RCM of the unconventional resources indicates the data need to be further refined. There are 137 reserve reports covering exploration licenses (Authority to Prospect [ATP] and Production Leases).

CBM fields often take time to de-water before reaching peak production and for this example, the RCM[2P] of CBM assets which have been in production for greater than 5 years are plotted in Fig. 4 above.

Fifty-six percent of CBM production leases have an RCM[2P] ranking of poor confidence. This does not mean their reserves are wrong. RCM only flags that further information is required to improve confidence in the estimate. Explanations for the rank of poor confidence include items such as production is restrained, has not reached peak production, undeveloped reserves’ component, overstatement of reserves, poor production performance, etc.

Reserves such as publicly disclosed reserves often come with limited supporting evidence. RCM is a simple tool to identify reserves estimates that should be assessed with caution or require further information. The SPE-PRMS guidelines will evolve and improve with time, but will always be subject to interpretation. Improving confidence in the SPE-PRMS will require reserves estimators to have the tools to identify anomalies and to know when to ask for additional information. RCM is such a tool.

References

Department of Natural Resources and Mines, Queensland Government. 2015. Petroleum and Gas Production and Reserve Statistics.

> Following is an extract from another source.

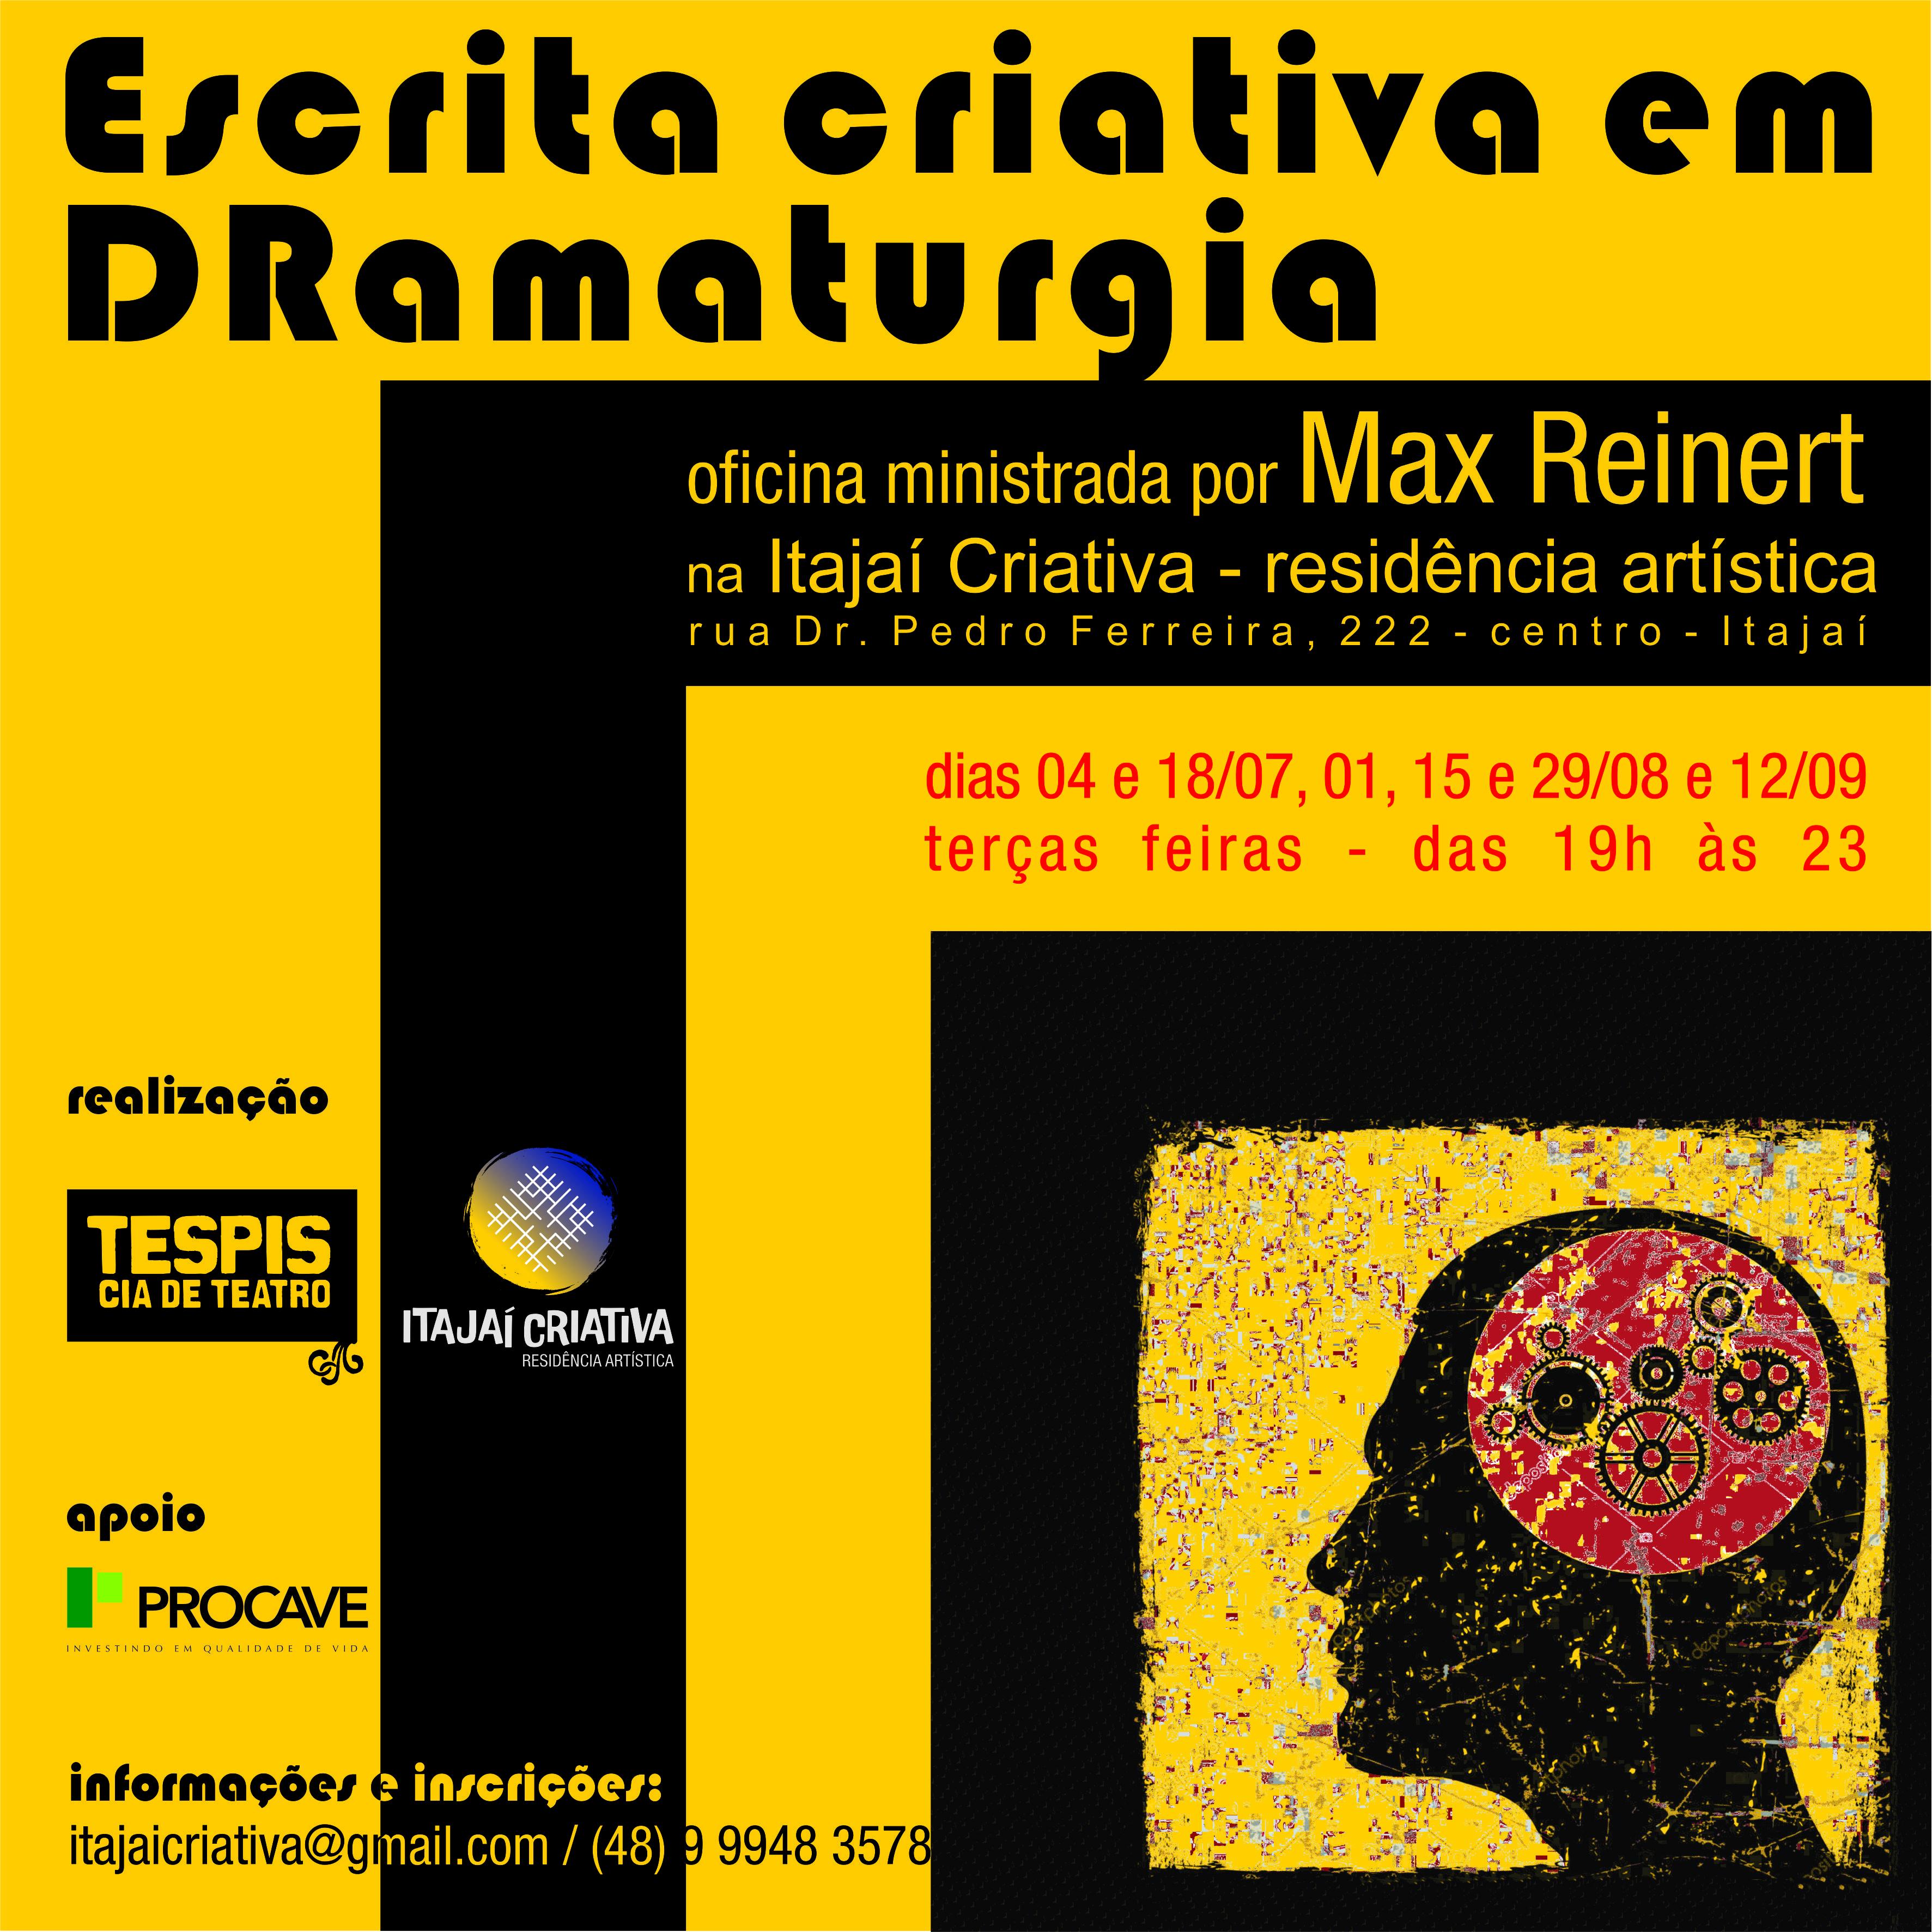 Oficina Escrita Criativa em Dramaturgia @ Itajaí Criativa - residência artística | Santa Catarina | Brasil
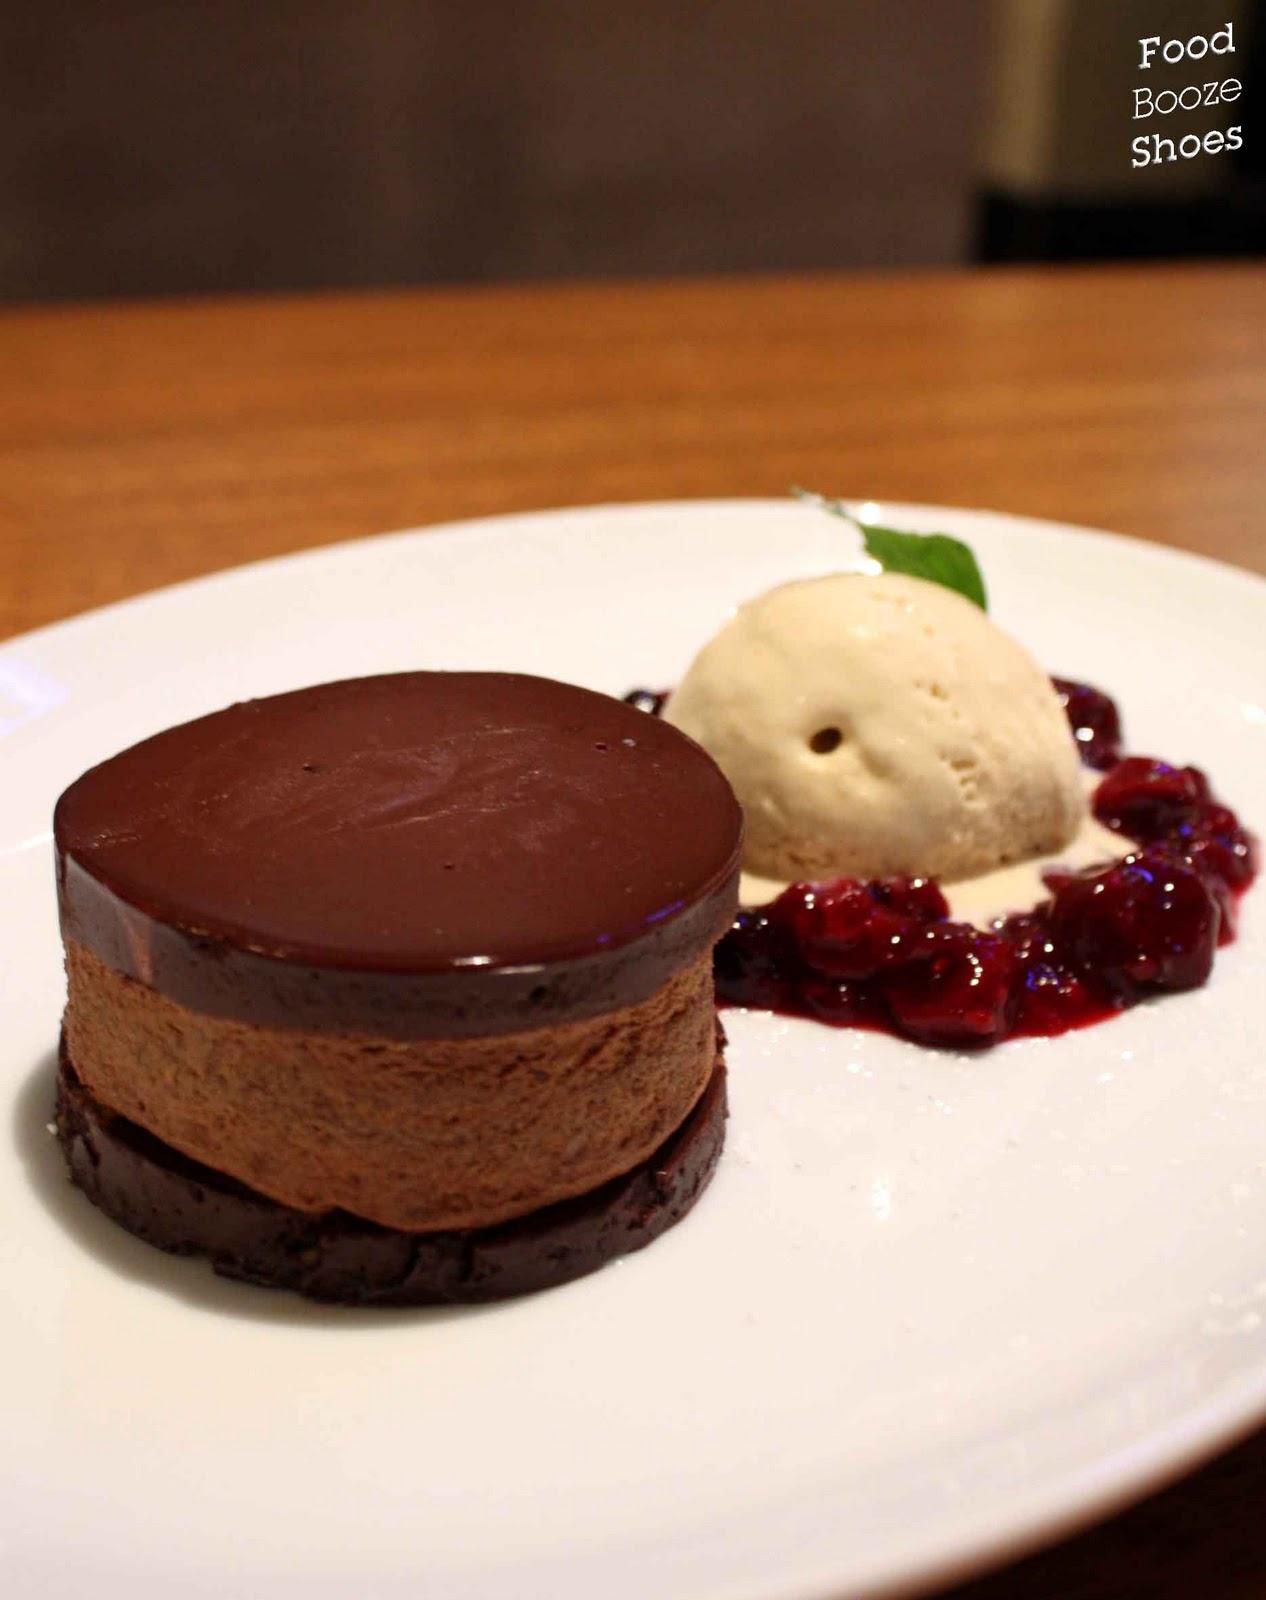 Chocolate Almond Ice Cream

McMillan, D. 2014. Techbits: Workshop and Survey Focus on SPE Petroleum Resources Management System. Journal of Petroleum Technology 66(4): 38.

McMillan, D. 2017. Gauging the Confidence in Publicly Reported Oil and Gas Reserves: Introducing the Reserves Confidence Metric (RCM). APPEA Journal 57(1): 88-99.

SPE-PRMS. 2007. Society of Petroleum Engineers Petroleum Resources Management System. Prepared by the Oil and Gas Committee of the Society of Petroleum Engineers, reviewed and jointly sponsored by World Petroleum Council, American Association of Petroleum Geologists, and Society of Petroleum Evaluation Engineers.